How many lines within the records include the word "Image"? Only that number should be given.

- Opening Delimiter -

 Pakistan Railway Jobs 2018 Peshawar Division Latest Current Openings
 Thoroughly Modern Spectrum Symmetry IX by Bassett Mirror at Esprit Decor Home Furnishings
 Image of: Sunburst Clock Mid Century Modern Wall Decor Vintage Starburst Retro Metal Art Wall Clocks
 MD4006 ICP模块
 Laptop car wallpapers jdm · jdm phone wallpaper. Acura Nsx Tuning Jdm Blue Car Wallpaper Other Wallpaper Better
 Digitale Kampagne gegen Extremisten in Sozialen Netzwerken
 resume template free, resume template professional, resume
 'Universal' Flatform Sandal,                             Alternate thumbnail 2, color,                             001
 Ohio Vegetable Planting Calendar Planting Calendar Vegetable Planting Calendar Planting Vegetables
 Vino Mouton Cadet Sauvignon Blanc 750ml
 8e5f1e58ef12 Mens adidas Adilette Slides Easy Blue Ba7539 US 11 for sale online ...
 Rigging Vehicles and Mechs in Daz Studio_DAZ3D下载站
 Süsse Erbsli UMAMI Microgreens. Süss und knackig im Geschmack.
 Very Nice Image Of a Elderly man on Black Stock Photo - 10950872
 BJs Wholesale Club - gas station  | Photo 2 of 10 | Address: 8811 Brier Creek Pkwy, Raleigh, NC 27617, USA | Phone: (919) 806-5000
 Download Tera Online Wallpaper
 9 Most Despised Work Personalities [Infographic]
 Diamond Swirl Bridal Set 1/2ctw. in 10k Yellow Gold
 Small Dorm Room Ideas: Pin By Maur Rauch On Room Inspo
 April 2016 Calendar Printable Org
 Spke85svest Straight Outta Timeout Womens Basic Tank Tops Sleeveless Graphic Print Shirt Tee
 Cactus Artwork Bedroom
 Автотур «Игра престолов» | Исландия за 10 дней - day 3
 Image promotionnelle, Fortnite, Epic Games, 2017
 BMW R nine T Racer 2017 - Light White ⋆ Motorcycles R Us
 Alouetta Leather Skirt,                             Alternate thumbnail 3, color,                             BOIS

- Closing Delimiter -

▶ _WRITTEN RESPONSE_
3